# Does everyone do clear liquids the entire day before colonoscopy



## joanna2012

I am just wondering if I can have a light breakfast and then do clear liquids the rest of the day.  I know it is always best to follow dr. orders but I already eat very little, weight 115 pounds (5'6), and have daily diarrhea.  Did anyone else do this and what was the outcome?  I am very nervous and anxious.  I am trying to calm myself down.  
Thanks!


----------



## chrisnsteph1022

I always do clear liquids all day.


----------



## handle

As someone on a low residue diet and with diarrhea, I've drunk several cans of Ensure plus during the day before with no problems at all. I read a study showing up to 4 cans made no difference to the scope. (I've also had an early morning piece of toast and cheese - almost no residue there - and no problems.)
Good luck!


----------



## rygon

I'd rather do clear liquids and have a good scope.

You could try a breakfast but not only are they going to be displeased if they find you arent clear enough, they will make you go through it all again so they can see properly.

Not eating for a few hours isnt going to cause any problems for you


----------



## CLynn

I can't say everyone should do this, but once I knew with certainty how fast my metabolism was (based on how fast barium went thru me, and other things), I have eaten up till lunch on the day before the scope, then did clear liquids for the rest of it.


----------



## Robert747

I am finishing an 8 week liquid diet this week (YEH - not sure how to celebrate though!) - had a colonoscopy two weeks ago and the prep was really easy - so when I have another I will bear this in mind regarding diet before hand.

Good luck


----------



## Desiree49

I would just do clear liquids all day. Once I ate breakfast the day before thinking it would not show and it did. It is not fun doing it all over again.


----------



## joanna2012

You guys are right.  I am going to stick to clear fluids.  I eat so little as it is I don't think it will be a big deal.  I just know when I don't eat at all the nausea is worse.  But, I do not to do it over again so I will try to take some Zofran and suck it up and get it over with.  Getting up at 2 AM for the second round of Suprep should be lovely I'm sure!


----------



## FruitLoop

Well UK prep sheet says on the day before to have a good breakfast taken from white bread, butter, cheese, eggs and rich tea biscuits.

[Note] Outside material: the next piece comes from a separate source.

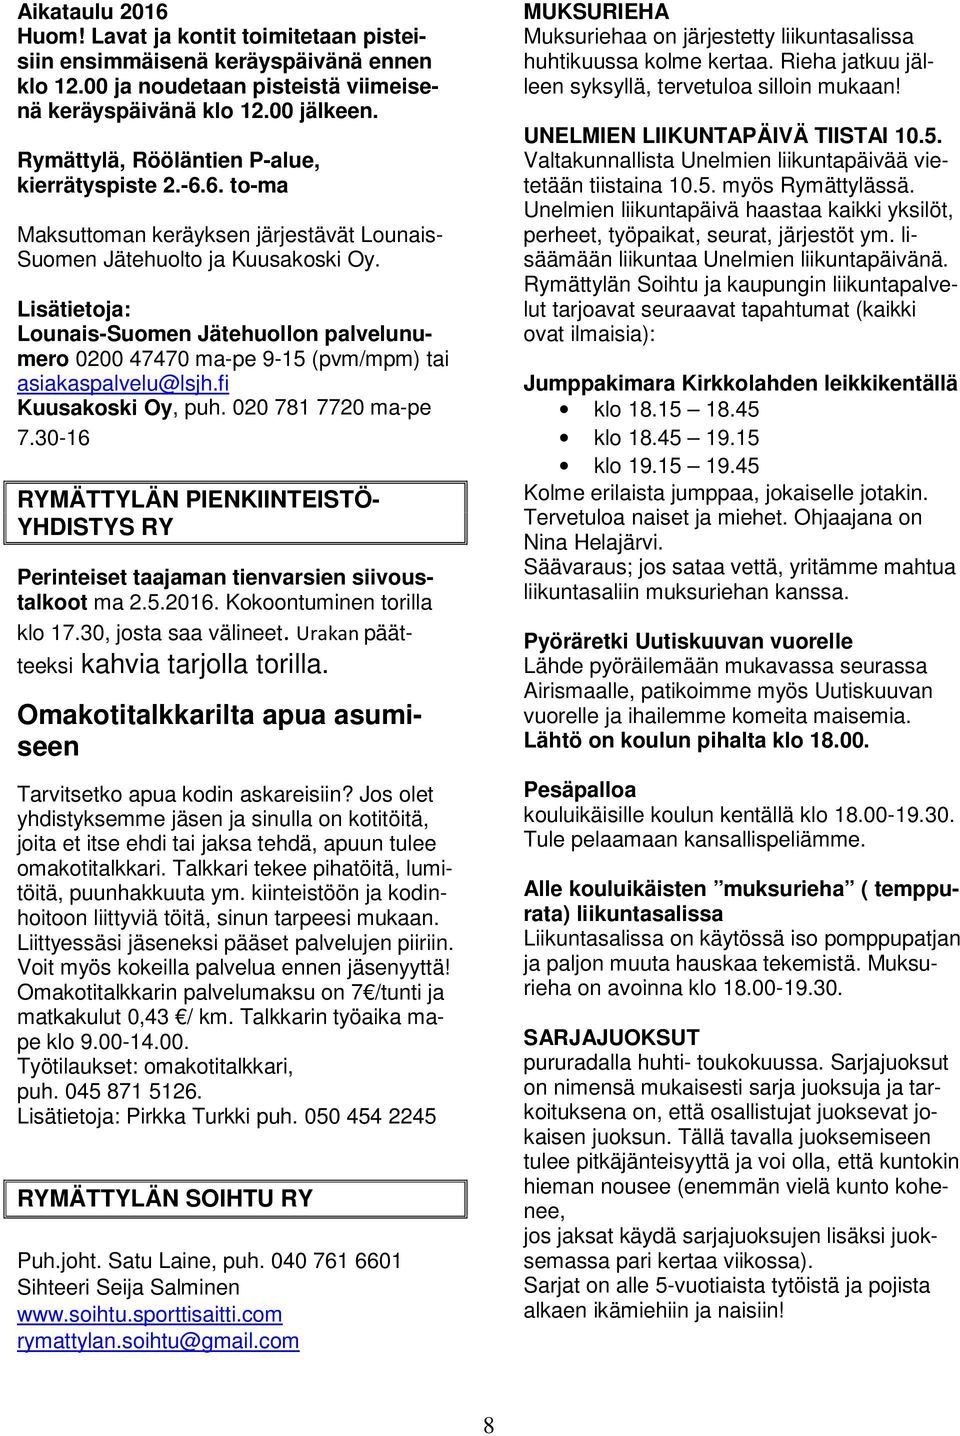 Lisätietoja: Lounais-Suomen Jätehuollon palvelunumero 0200 47470 ma-pe 9-15 (pvm/mpm) tai asiakaspalvelu@lsjh.fi Kuusakoski Oy, puh. 020 781 7720 ma-pe 7.

So i always have cheese on toast or egg on toast.

Then you can have clear broth, jelly but not red, vanilla ice cream and fizzy pop (not red) and tea and coffee with small amounts of milk.

My gastric transit is fast though and im always low res so nothings ever just hanging around in there!


----------



## Donna1

I have always found that the less you eat the less that has to pass when you start drinking your prep. Its so much better when you have really prepared for at least the time they request. My last Colonoscopy I really cut back for a few days on what I ate and only had Sprite the day before and the day of and my prep was so easy. I did not even drink all the prep because I was clear after drinking about two thirds of it. good luck with your scope!


----------



## rygon

Bovril (beef) or chicken broth helps keep the hunger at bay when just on clear liquids. I drank quite a bit of lucozade as well for energy


----------



## GrumpyGuts

I just recently had a EGD/Colonoscopy and as I have an ileostomy I eat a light breakfast(egg and toast) the day of prep and then broth/jello rest of the day. Started prep about 5pm and was done pretty quickly. Only had to drink 32 oz of the prep which was a blessing(nasty stuff). Good Luck on your tests! Sounds like low residue is most common for those who still have their colons so that is what I would do if it were me.


----------



## Bld

My last Colonoscopy was late afternoon and I found the prep much easier as I didn't have to go a full 'day' without eating.  I could have a normal breakfast on day 1 (I had a full English!) then a low residue lunch then no solids after. I took the first Fleet at about 7pm and the second at 7am and went in for the procedure at 6.30pm.  I was awake and eating a sandwich by 7.30pm.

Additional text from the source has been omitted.